Perhaps the biggest current challenge to open source software is companies which ignore open source software licenses. That sounds so “yesterday” from an era of license scanners and compliance scares. But the issue is as relevant today as it was 20 years ago – just not the way you think!

Contributor agreements have been a controversial topic throughout their history. The choices by Elastic (and others before them) to relicense previously open source software under a licensing arrangement that discriminates against certain users threw the use of contributor agreements into sharp relief. But the controversy around them focused too much on the wrong problem. The main problem with a copyright-assigning agreement is not it giving the right to the aggregator to relicense the work (although that is a problem as it enables the end game of a rights ratchet). The main problem is it allows the aggregator, uniquely in the community, to ignore the license altogether.

A Brief History Of Scareware

All Open Source licenses grant unconditional permission in advance to those who comply with their terms to use, improve and share the software in any way and for any purpose. At a stroke, scope for artificially making the (inherently non-rivalrous) software scarce are eliminated. Of course, that’s a serious problem if you’re an entrepreneur whose imagination only extends to directly monetising access to the software.

Right from the start wily entrepreneurs realised that Copyleft licenses scared and confused some people, especially lawyers. So they sold customers the right to replace the open source license with a proprietary one – for some reason something customers’ lawyers found less scary. The pioneer of this approach was probably Sleepycat Software Inc whose BerkeleyDB embeddable database came under a source-available arrangement that left their users in no doubt that they had to make their own private work available to the public. Sleepycat sold a “commercial use” license that didn’t have the same requirement but which also left the user with none of the four freedoms. Selling indulgences had been profitable in the middle ages and it also worked for Sleepycat, all the way to acquisition.

Inspired by that success, many other companies sold indulgences. As the market wised up to the GPL and corporate counsel was no longer scared by it, companies transitioned to using other scareware licenses such as AGPL as well as to using “open core” approaches where the commercially valuable functions were not in the open source code at all. By using the no-charge availability of the software to gain adoption, free adoptors could be converted to paying customers and ultimately to lock-in. Some users of this strategy – notably SugarCRM – were able to ratchet back the freedom over time until they had an old-style proprietary software business.

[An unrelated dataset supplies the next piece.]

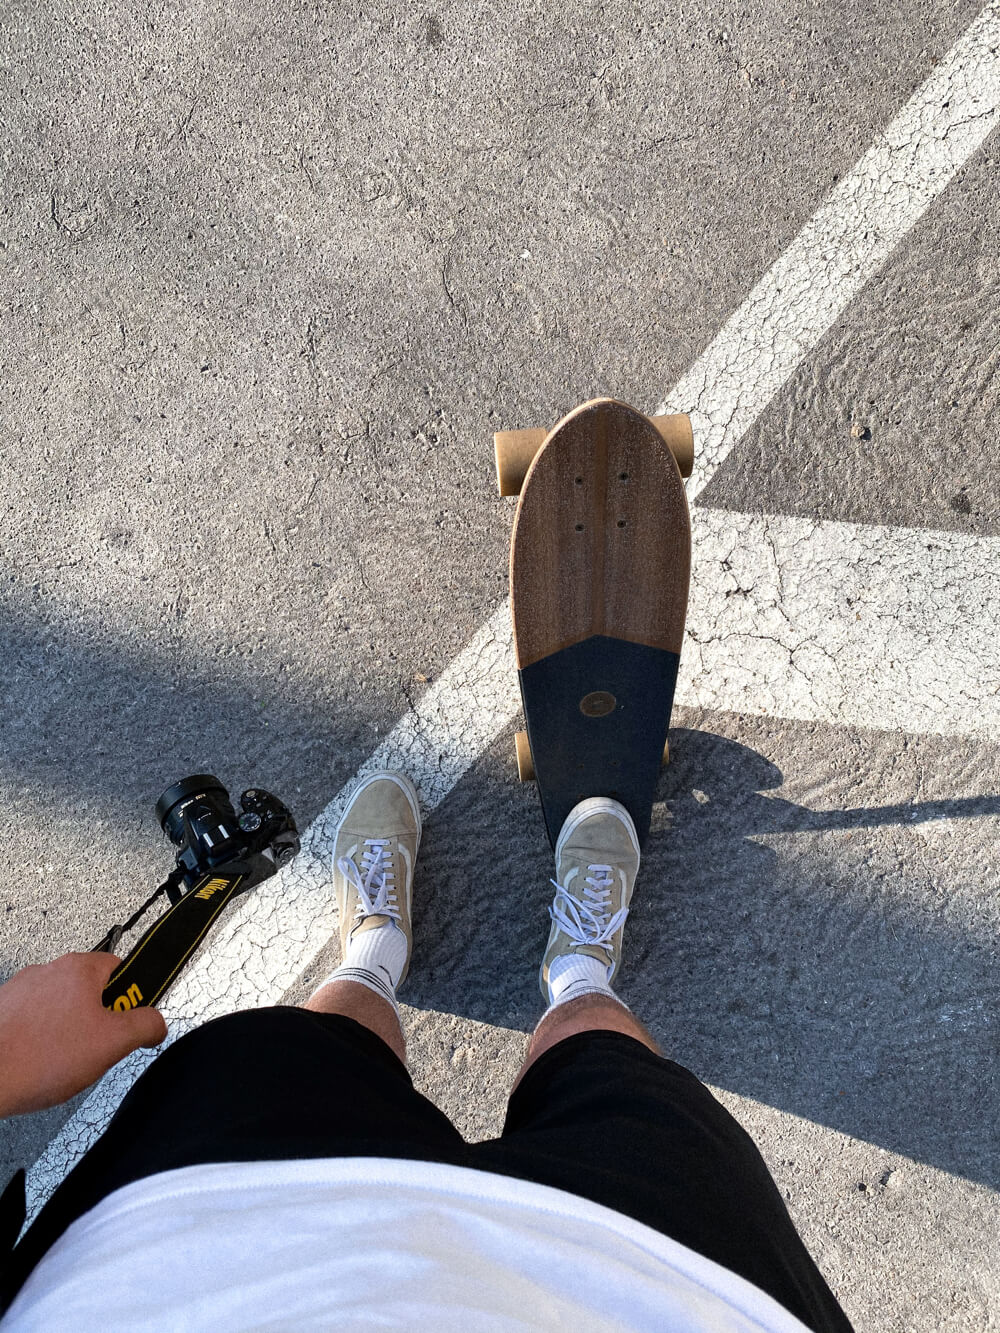 A trip to Skatepark Los Reyes

Controlling The “Community”

However, there was an inconvenience. For much software, gaining adoption meant persuading cautious, picky developers to use the code — hand-waving to the boss was no longer enough. Once they were using the source, developers might well improve it. Inspired by the likes of Apache and Mozilla they then might well share their improvements, thus forming a community to produce better code than you. So it was smart to invite and use their improvements and thus keep control of the community.

But then the presence of these contributions under the GPL would make you subject to the GPL yourself and unable to sell indulgences or ignore the license. The fix to this was to speak to the sense of fairness and desire for an easy life (and pleasure of recognition) and claim it was in everyone’s interests for the core company to own all the copyrights. Apache and the FSF helped things along by socialising the idea of copyright assignments1. All these factors led developers to agree to gift the IP rights to their work to the core company. The name of such a document is a contributor license agreement or CLA.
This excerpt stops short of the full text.